Para refazer meu compromisso com a vida, abandono o rigor de um humanismo idolátrico. Não idealizo as iniciativas ideológicas. Sei que toda instituição convive com o germe de sua própria inutilidade. Também não me prostro no altar do niilismo; descreio da capacidade humana de erguer-se pelos próprios cadarços. Meu existencialismo é frágil, carregado de suspeita. Minha religião, cheia de decepção. Minha ideologia agoniza debaixo dos escombros da modernidade.

Para refazer meu compromisso com a vida, largo na beira da calçada as metas-narrativas. Desconfio dos projetos globais. Incoerência entre discurso e prática me desesperam. A incapacidade de vertebrar o que acredito de coração me enoja. Criei cismas. Rio por dentro; é meu jeito de sobreviver aos ufanismos que tanto me irritavam no passado. Sei que preciso aniquilar os fantasmas que me deixaram com a sensação de ser um deus.

Para refazer meu compromisso com a vida, desisto de tentar levar a ferro e a fogo qualquer coisa. Erros me fizeram bem. Boas ações me arruinaram. Amigos me entristeceram. Desconhecidos me acolheram. Quando planejei, empaquei. Por outro lado, inesperadamente a vida deu certo sem planejamento. Sofri também com pecados. Paguei um alto preço por ser indolente.
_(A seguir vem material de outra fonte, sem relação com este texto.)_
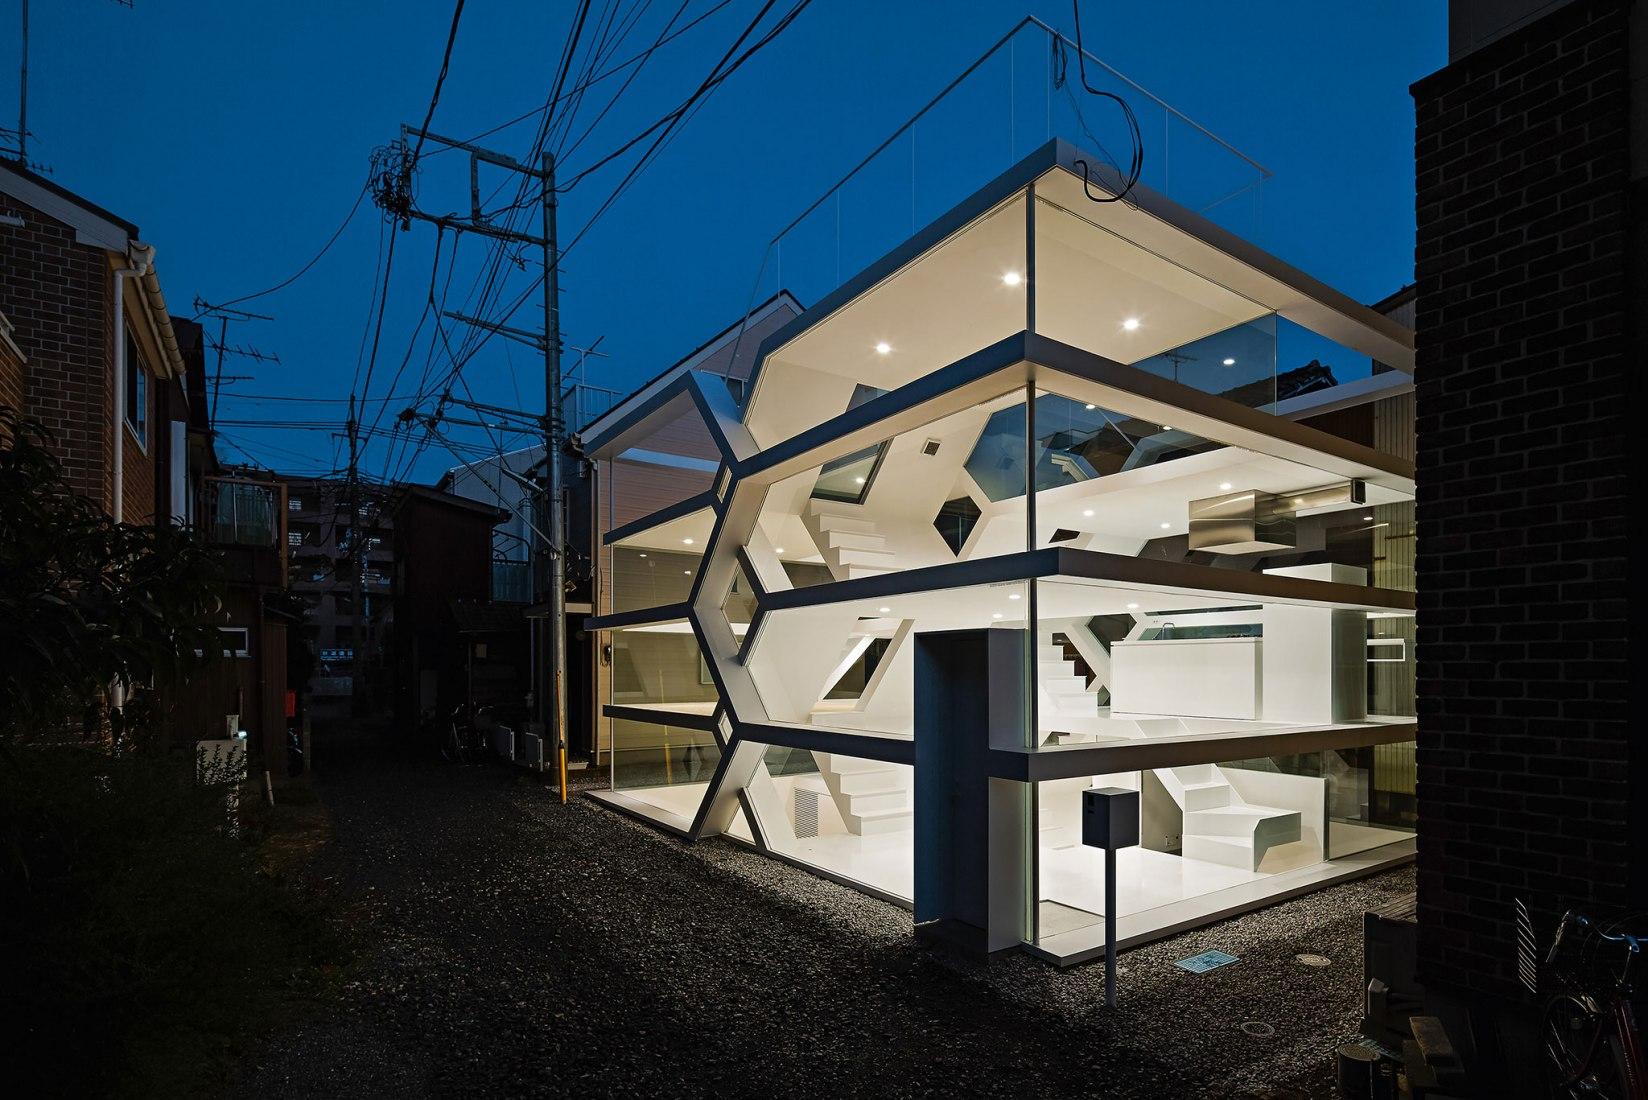 Yuusuke Karasawa - S-House, Omiya, Saitama, Japón, 2013. Contemporary Japanese Architecture por Philip Jodidio. Fotografía por © Koichi Torimura.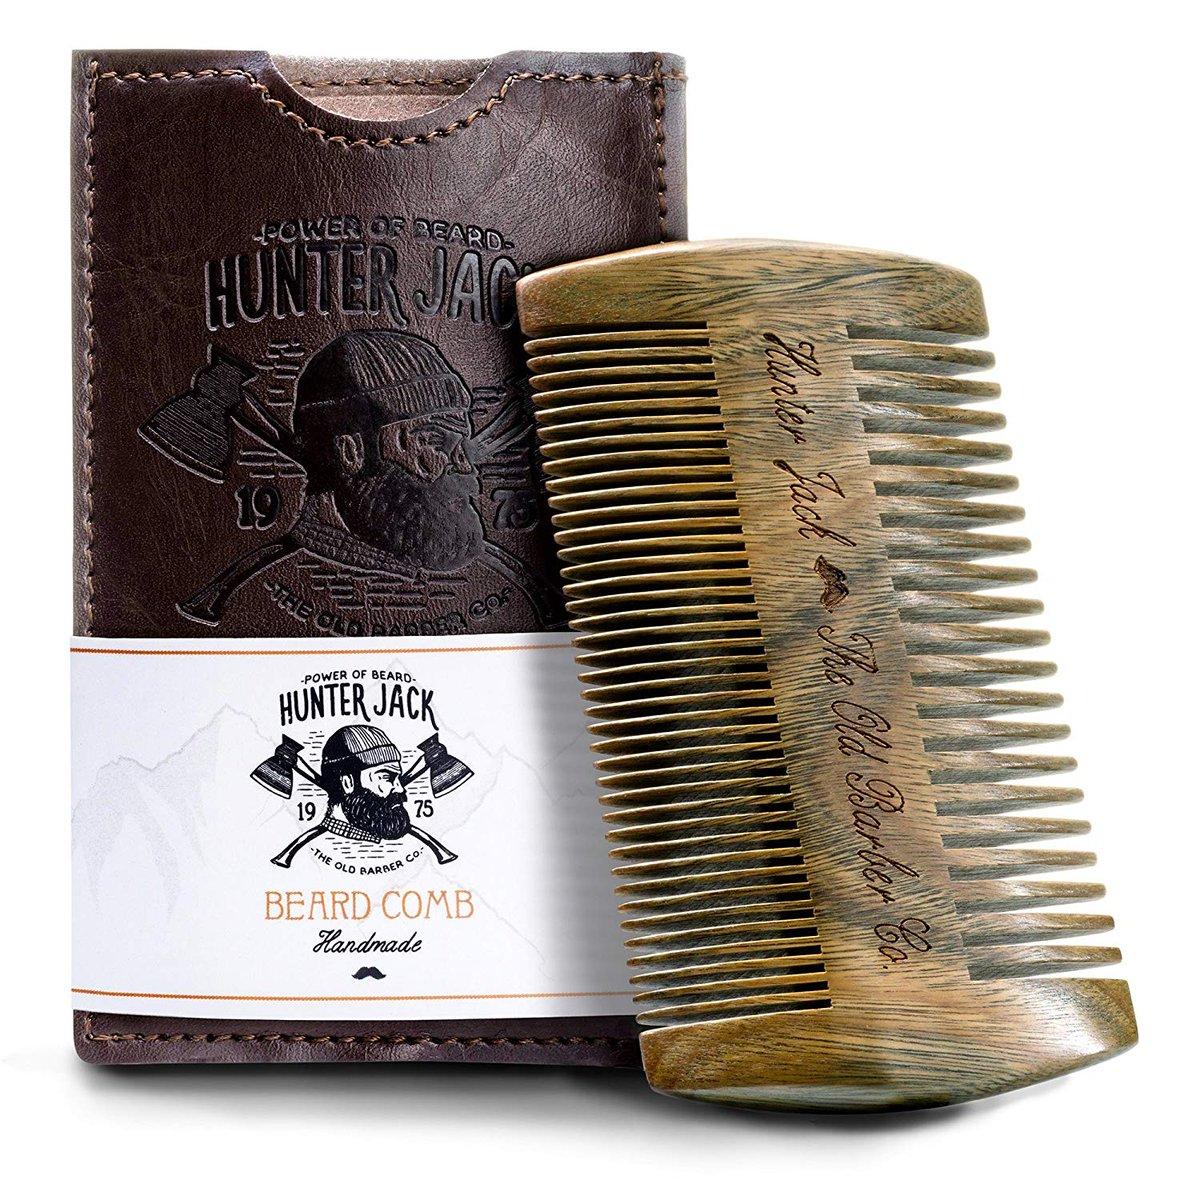 100% HANDMADE FINISH  Beard Comb Kit for Men - Great for Head Hai... by Hunter Jack for $12.95 https://buff.ly/3aOGxfo via @amazon  #beardcombkit #beardkit #beardgrooming #grooming #facialhair #beauty #skincare #beardcombpic.twitter.com/c4i5k3Z2uK

Mas, incrível, quando deixei para o dia seguinte o que deveria fazer hoje, foi bom.

Para refazer meu compromisso com a vida, quero ser leve como a pluma que escapou da asa do cisne, denso como o ruço que cobre a madrugada, escuro como a noite tropical sem lua, e transparente como o mar do Mediterrâneo. Hei de aprender a não discursar. Almejo ser mais enfático mas só em ternura; mais brando em afirmações. Pretendo rearrumar minha oratória. Quero voltar a olhar para o nada, como as crianças; a entrecortar frases com longas pausas, como os monges; a ritualizar os instantes, como os namorados.

Para refazer meu compromisso com a vida, espero envelhecer sem casmurrice. Acolher as doidices dos jovens, lembrando de como as minhas faziam sentido. Celebrar cada manhã como uma ressurreição. Aguardar o pôr-do-sol como uma grávida anseia pelo primeiro choro do filho. Plácido como um lago entre duas montanhas, espero encarar a morte. E que não reste nenhuma nesga de frustração em minha alma. E que eu descanse no sábado final com um sorriso maroto, sorriso de quem foi embora dizendo: valeu viver.